The study found that there was a marginal increase in health-care costs in patients who underwent surgery, primarily because of the increased usage of in-patient services. It also found that there was a significant decrease in the costs of drugs, particularly anti-diabetic medication. Furthermore the study found that there a was notable positive effect of the surgery on social transfer payments; the costs of unemployment benefits were reduced and there were significantly higher social security payments.
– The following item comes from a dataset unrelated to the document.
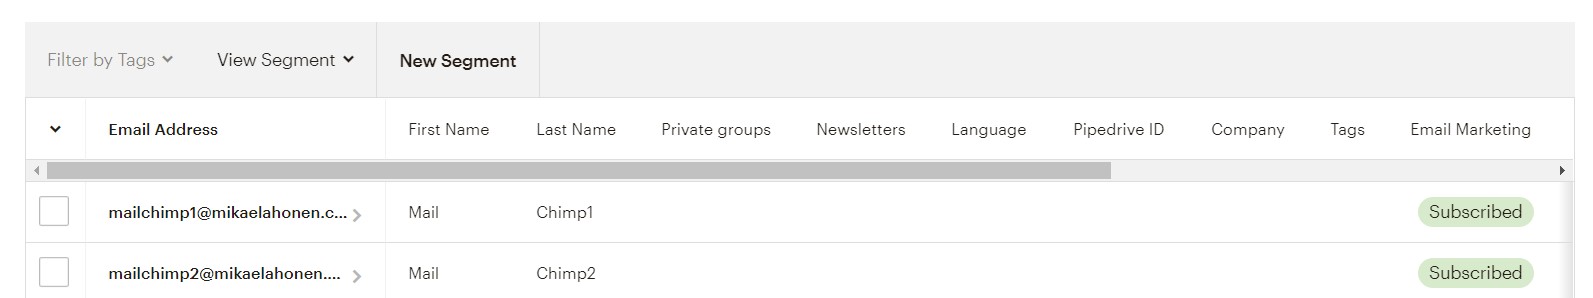 Pipedrivesta viedyt yhteyshenkilöt näkyvät Mailchimpin sähköpostilistassa.

Although this study was not able to identify net savings, it does not mean that bariatric surgery should be considered ineffective. The increase in health care-costs, mainly due to to complications and adverse effects of the surgery, should be weighted against the positive clinical effects that the patient will receive, namely reductions in prevalence of T2D and circulatory disease and medication to treat these, as well as considerable and sustained weight-loss which will enhance their quality of life and can also lead to a small decrease in total social transfer payments. Increased hospital care is a small price to pay for the sizeable benefits to the individual and society in the medium to long-term.